Practolol

Clinical data
- ATC code: C07AB01 (WHO) ;

Identifiers
- IUPAC name (RS)-N-{4-[2-hydroxy-3-(isopropylamino)propoxy]phenyl}acetamide;
- CAS Number: 6673-35-4;
- PubChem CID: 4883;
- IUPHAR/BPS: 555;
- DrugBank: DB01297;
- ChemSpider: 4715;
- UNII: SUG9176GRW;
- KEGG: D05587;
- ChEBI: CHEBI:258351;
- ChEMBL: ChEMBL6995;
- CompTox Dashboard (EPA): DTXSID0021179 ;
- ECHA InfoCard: 100.027.012

Chemical and physical data
- Formula: C_{14}H_{22}N_{2}O_{3}
- Molar mass: 266.341 g·mol^{−1}
- 3D model (JSmol): Interactive image;
- SMILES O=C(Nc1ccc(OCC(O)CNC(C)C)cc1)C;
- InChI InChI=1S/C14H22N2O3/c1-10(2)15-8-13(18)9-19-14-6-4-12(5-7-14)16-11(3)17/h4-7,10,13,15,18H,8-9H2,1-3H3,(H,16,17); Key:DURULFYMVIFBIR-UHFFFAOYSA-N;

= Practolol =

Chemical compound

Practolol (Eraldin, Dalzic, Praktol, Cardiol, Pralon, Cordialina, Eraldina, Teranol) is a beta blocker selective for the β_{1}-adrenergic receptor that has been used in the emergency treatment of cardiac arrhythmias. Practolol is no longer used as it is highly toxic despite the similarity of its chemical formula to propranolol.

==Side effects==
Side effects are similar to those of other beta blockers, such as bronchoconstriction, cardiac failure, cold extremities, fatigue and depression, hypoglycaemia.

Furthermore, chronic use of practolol may cause oculomucocutaneous syndrome, a severe syndrome whose signs include conjunctivitis sicca and psoriasiform rashes, otitis and sclerosing serositis. This syndrome has not been observed with other such beta blockers.

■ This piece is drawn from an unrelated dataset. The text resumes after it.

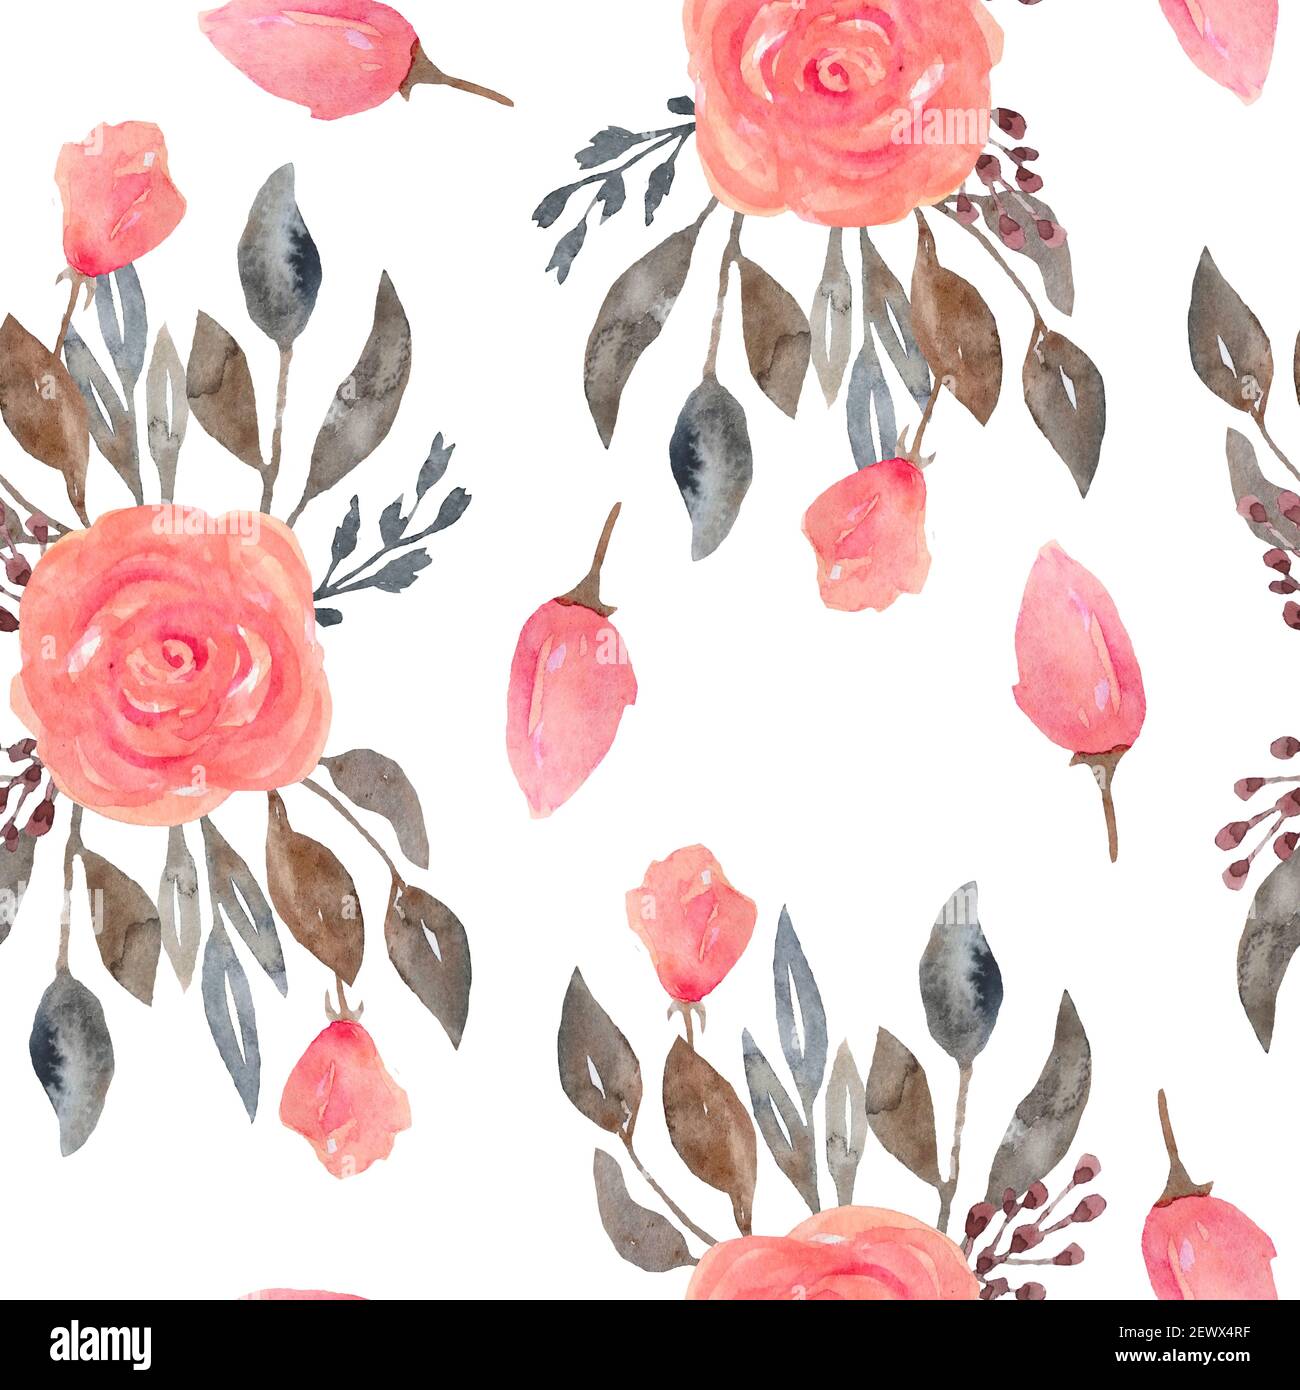 Aquarell nahtloses Muster aus rosa erröten Rosen Blumen und grau braun neutral verblasste Blätter. Blumensträuße, Blütenblätter blühen. Elegante Gartenblüten für textile Hochzeit Einladungskarten Tapete. Stockfoto

After its introduction, keratoconjunctivitis sicca, conjunctival scarring, fibrosis, metaplasia, and shrinkage developed in 27 patients as an adverse reaction to practolol. Rashes, nasal and mucosal ulceration, fibrous or plastic peritonitis, pleurisy, cochlear damage, and secretory otitis media also occurred in some cases. Three patients suffered profound visual loss though most retained good vision. Symptoms and signs improved on withdrawal of the drug, but reduction of tear secretion persisted in most patients.

==Chemistry==
The experimental log P of practolol is 0.79 and its predicted log P ranges from 0.53 to 0.83. It is a hydrophilic or low-lipophilicity beta blocker.

===Synthesis===
The part of the structure coming from (1) is based on paracetamol.

Practolol synthesis: Howe, Smith, ; eidem, (1966, 1968, to I.C.I.).

A synthesis is available which relates the absolute configuration of the more potent optical isomer to (+)-lactic acid. The glycerol derivative (2) is available from D-mannitol and retains optical activity as the two 1° alcohol functions are differentially protected. Displacement with sodium p-acetamidophenoxide (1, deprotonated paracetamol) gives 3 which is deprotected with dilute acid, the primary alcohol function is selectively reacted with one molar equivalent of tosyl chloride and pyridine, then treated with NaOH in dimethylsulfoxide to yield 3. Epoxide opening with isopropylamine leads to optically active prolactolol (4).

==History==
The compound was studied by scientists at the Research Department of the ICI Pharmaceuticals Division in Alderley Park with physiologists at the University of Leeds in the early 1970s when it was known as compound ICI 66082; they utilised dogs, cats and rats in their investigations. Earlier research had also been carried out as early as 1967 on this and similar molecules by other research teams also with ICI.

==Society and culture==
===Market withdrawal===
This drug has been withdrawn from the market in India.